The first bunch has to do with some fairly basic stuff, that I thought

had been pretty well understood since the beginning of the mailing

list, but maybe we need a refresher, or an explicit statement.

In the message of Tue, 14 Dec 1993 20:50:51 EST, Jerry describes his

representation of cube positions and transformations.

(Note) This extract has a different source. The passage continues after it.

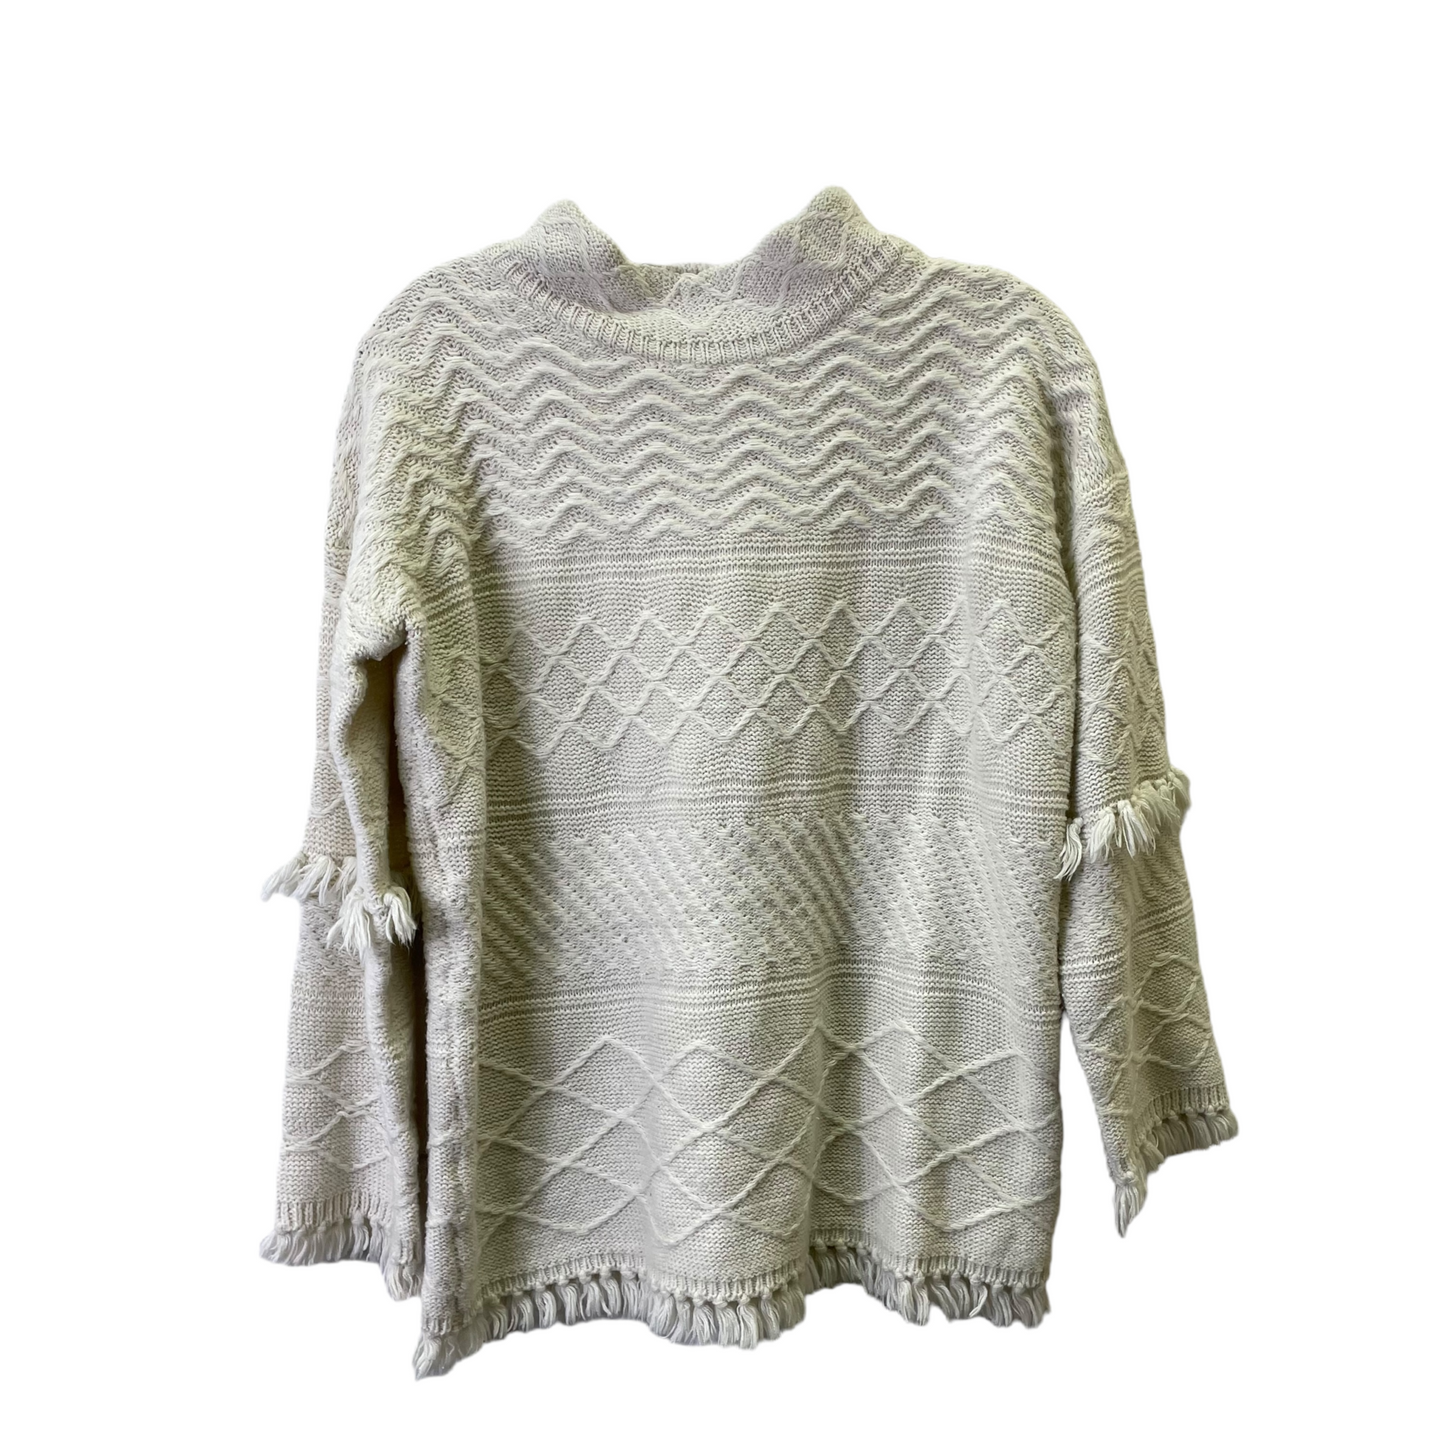 Sweater By Vernacular Size: M

In my computer model, the corner facelets are simply numbered from

1 to 24, and any configuration of the corners is an order-24 row

vector. The rotation and reflection operators are also order-24 row

vectors, again with each cell simply containing a number from 1 to

24.

That is the most usual way of doing it, but it's important to specify

what you represent by those vectors. When I do it, I number the

corner facelet locations from 1 to 24, and these locations retain

their numbers through manipulations of the cube. I use a vector A to

specify a position in which the facelet whose home location is i has

been moved to location A(i), for each i. I use a vector P to specify

the transformation that moves the facelet in location i to location

A(i), for each i. I'll assume you're doing the same, though you

could, for instance, be representing the inverse of the operators, or

the locations from which the facelets originate. Note that a position

is represented by the same vector that represents the transformation

that takes SOLVED to that position.

Well, if P is a rotation operator, you could perform a rotation

two ways. I guess one is pre-multiplication and one is

post-multiplication.1) For i = 1 to 24 B(i) = A(P(i))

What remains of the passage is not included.